Mayo Clinic and Rochester have a symbiotic relationship

  • Oops!
    Something went wrong.
    Please try again later.
  • Oops!
    Something went wrong.
    Please try again later.
  • Oops!
    Something went wrong.
    Please try again later.

Jan. 26—ROCHESTER — In the tale of the city and the clinic, the growth of Rochester and Mayo Clinic is intertwined so closely that it is hard to separate.

"Many people will say that they are surprised that Mayo Clinic could flourish in a place like Rochester. My response is that Mayo Clinic thrives not in spite of, but rather because of Rochester," said Matthew Dacy, the director of Mayo Clinic's Heritage Hall.

From his perspective as a longtime resident and Mayo Clinic's unofficial historian, Dacy sees the impact of the Mayo family from the opening of Dr. William Worrall Mayo's medical office on Jan. 27, 1864, as a fuel for the development engine of the city of Rochester.

"It's quite symbiotic," he said. "The location drove the clinic's growth and the clinic's growth enhanced the location."

While Mayo Clinic had been a community leader for much of Rochester's history, IBM was the top employer for many years. IBM opened its Rochester operations in 1956 with 174 employees.

The Armonk, New York-based company was Rochester's top employer for much of the late 1950s and early 1960s. In 1966, Mayo Clinic tied it, when each employed 3,600 workers.

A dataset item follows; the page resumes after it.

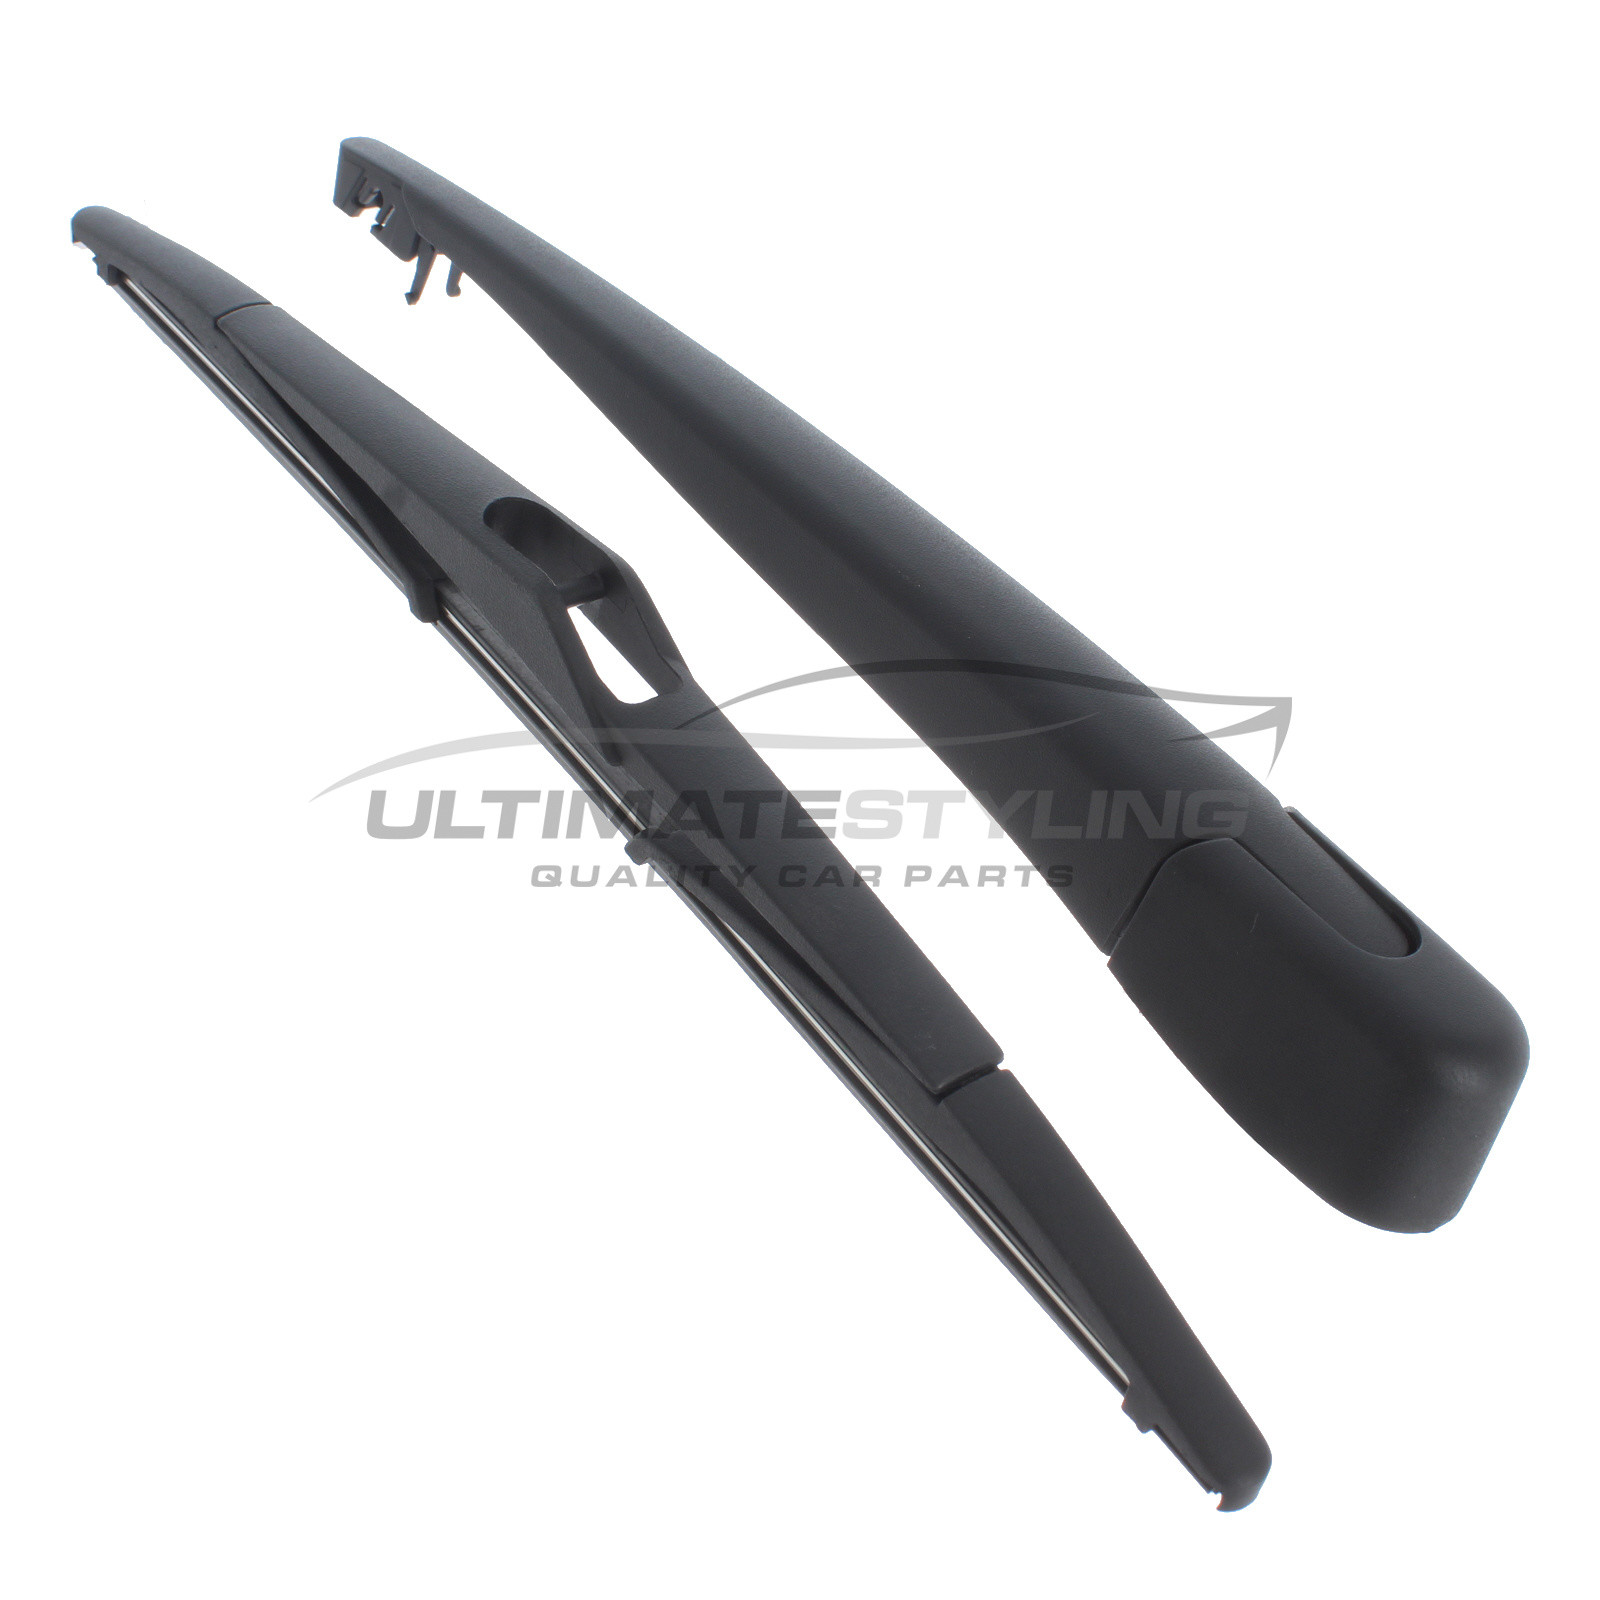 Rear Wiper Arm & Blade Set for Ford S-MAX
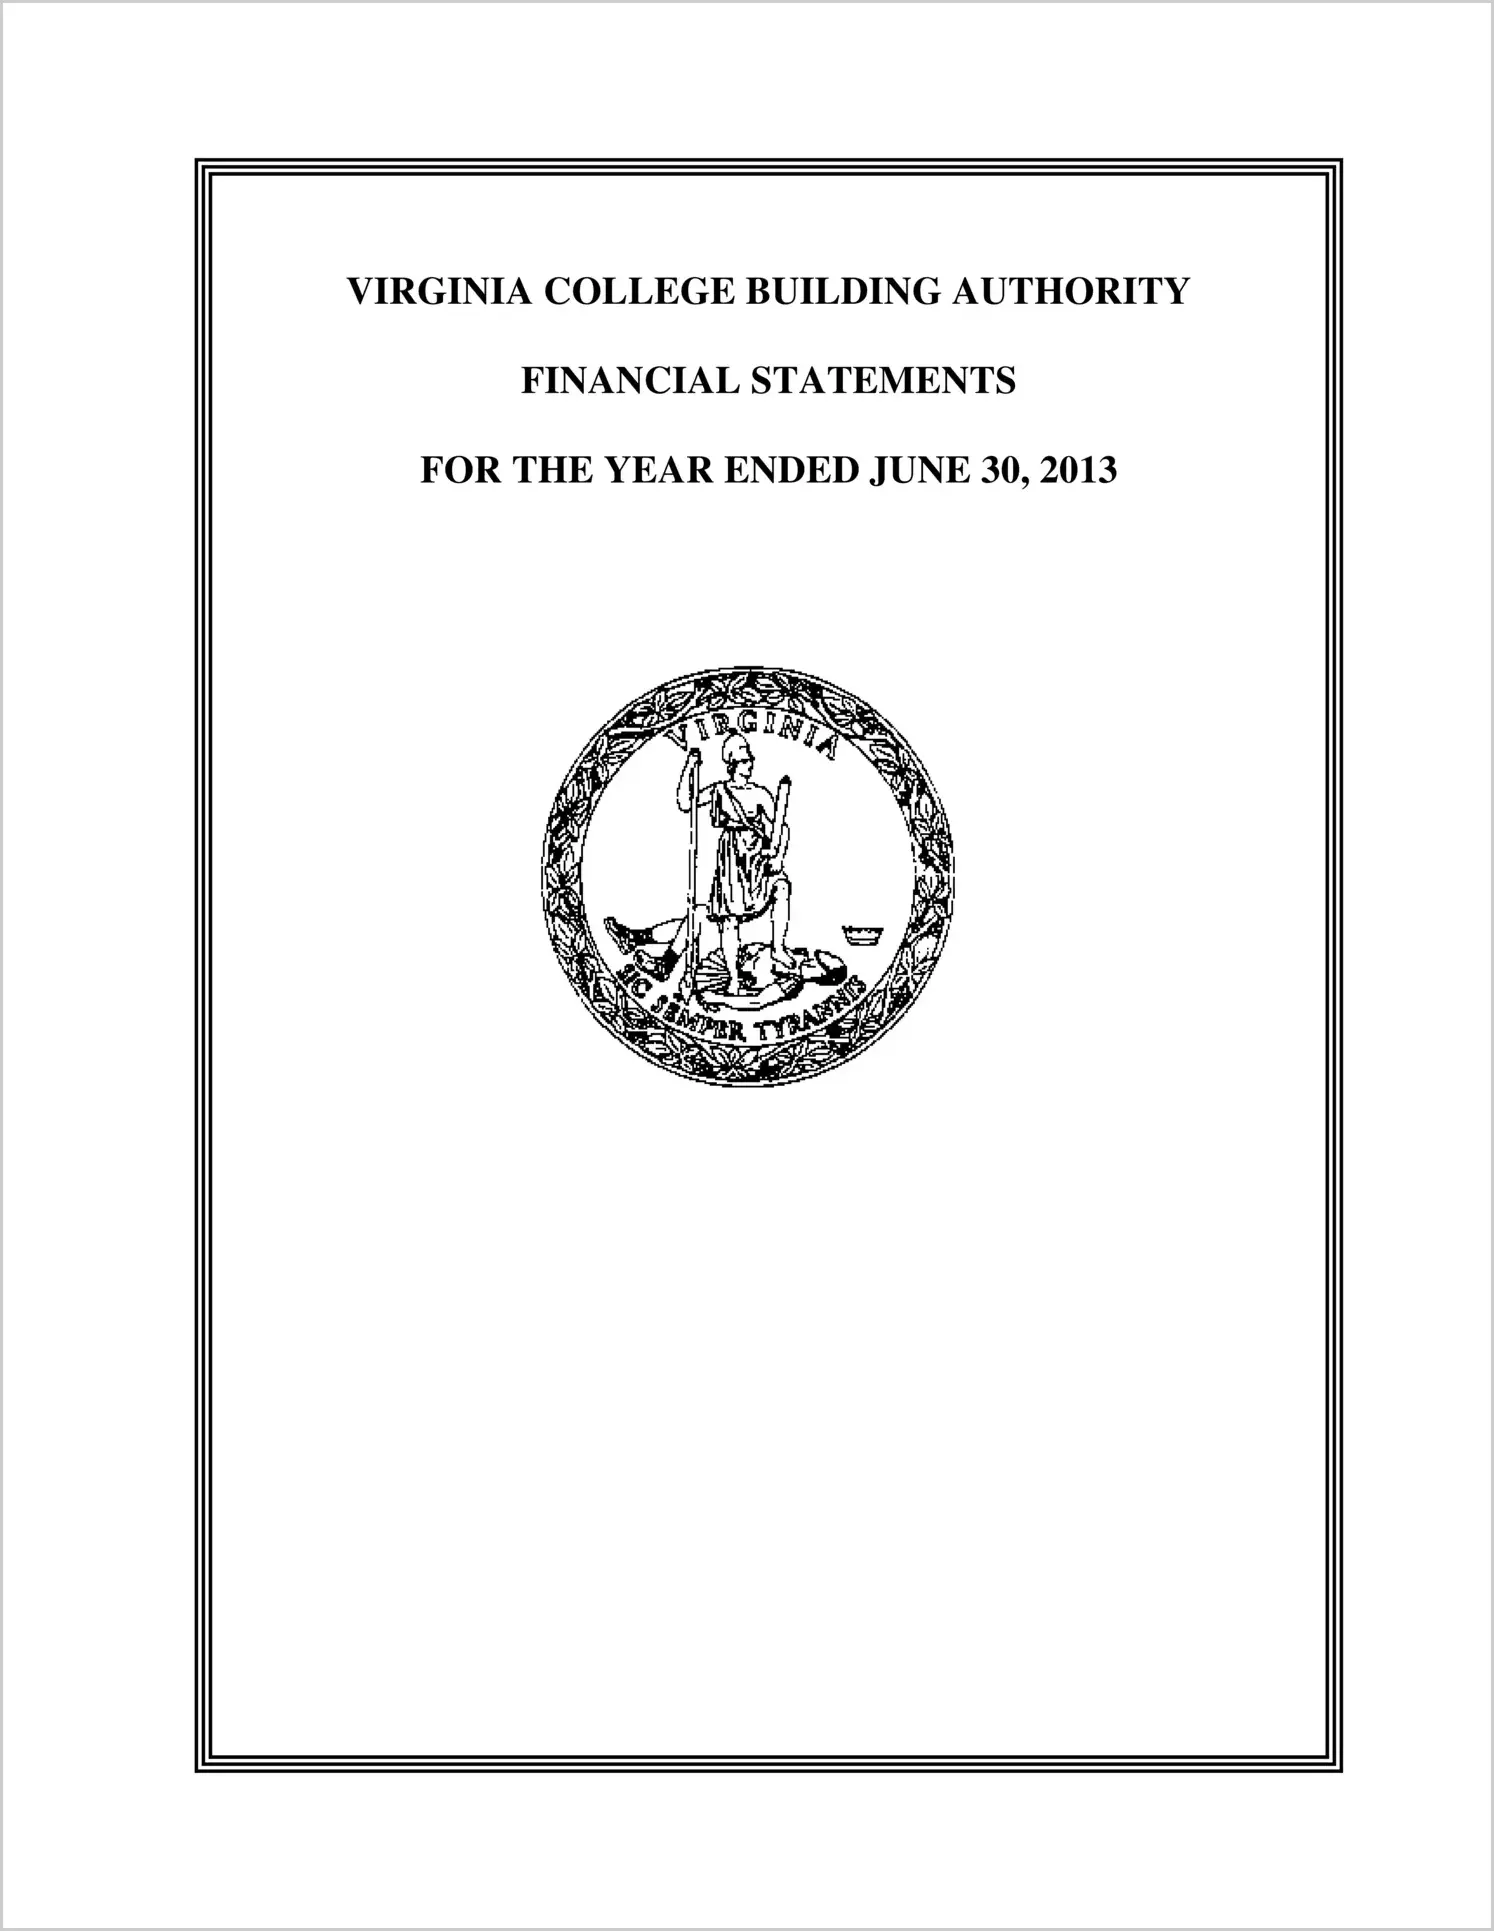 Virginia College Building Authority Financial Statements for the year ended June 30, 2013

Mayo pulled ahead in 1967 with 3,850 employees compared to IBM's 3,800.

A casual tour of Rochester's downtown shows Mayo Clinic's mark on the city with the iconic Plummer (built in 1928) and Mayo (built in 1955) buildings as well as the recent additions of the Gonda (built in 2001) and Kellen (built in 2023) buildings.

The Mayo name crops up everywhere in Rochester from Mayo High School to the sprawling Mayo Civic Center.

However, mapping out the relationship between the city and the clinic reveals that the transportation links to Rochester that brought the elder Dr. Mayo here later become the lifeblood of Mayo Clinic bringing patients here via rail, road and eventually air.

"This is a classic planes, trains and automobiles story," said Dacy.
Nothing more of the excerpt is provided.